DTS Insight:DTS が提供するインテリジェントな O&M (運用保守) アシスタントで、DTS の製品とサービスをより深く理解し、活用するのに役立ちます。また、タスクのステータスをリアルタイムで監視し、タスクに問題が発生した際のトラブルシューティングを支援します。

よくある質問

データ移行とデータ同期の違いと選択方法

  • 目的

    • データ移行は、通常、ソースデータベースを廃止する際の 1 回限りのデータ移動を目的として設計されており、完全で一貫性のあるコピーを転送することを目指します。

    • データ同期は、2 つのアクティブなデータベース間で継続的かつ長期的なレプリケーションを維持し、動的な整合性を確保します。

  • 機能

    • データ移行:一度実行され、完了すると自動的に停止するように設計されています。その主な機能は、最終的なデータセットの一貫性を確保することです。

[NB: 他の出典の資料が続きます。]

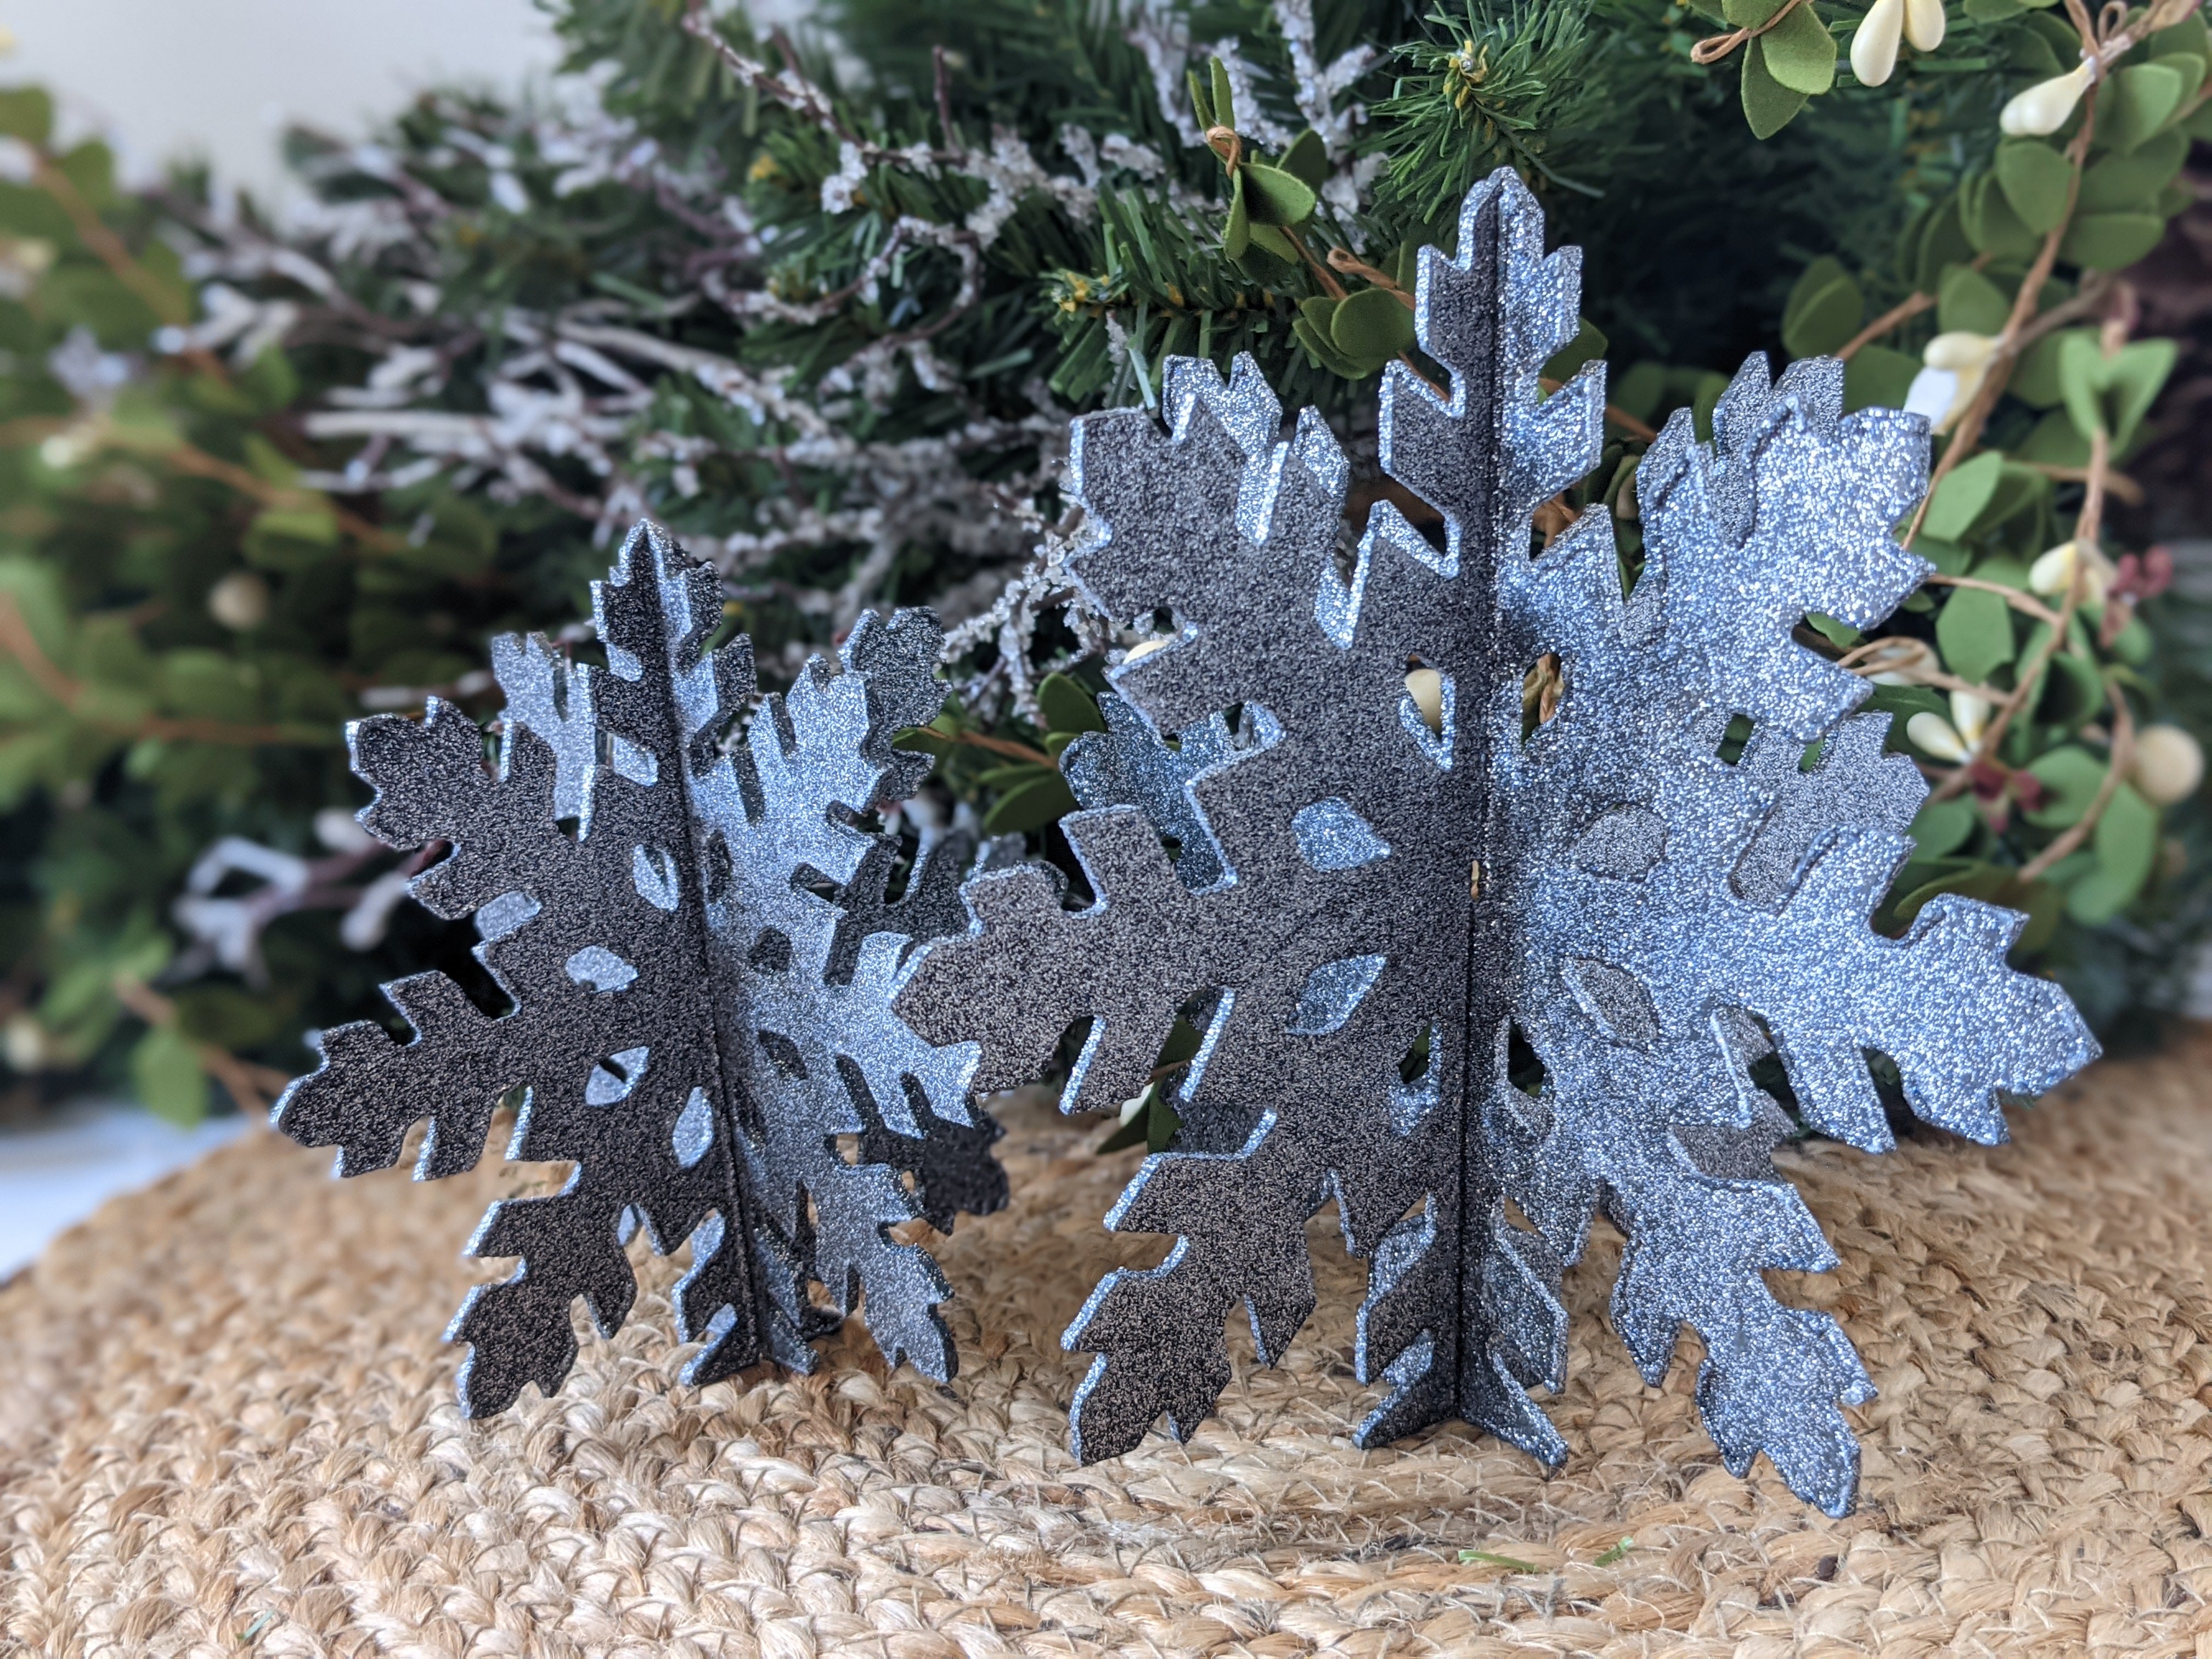 Frosty Snowflake - Gray w/Metallic Silver Snowflakes

    • データ同期:継続的に実行され、双方向同期や競合解決など、長期的なレプリケーションに必要な高度な機能を提供します。

  • 選択方法

    • クラウド移行、データベースの置き換え、データセンターの移転には データ移行 を選択します。

    • アクティブ/アクティブ構成の地理的冗長性、読み書き分離、ライブデータ配信には データ同期 を選択します。

DTS の課金体系

DTS の料金は、設定したタスクの種類に基づいており、主に タスクインスタンス料金パブリックネットワーク/データトラフィック料金 が含まれます。詳細な内訳については、「課金項目」ドキュメントをご参照ください。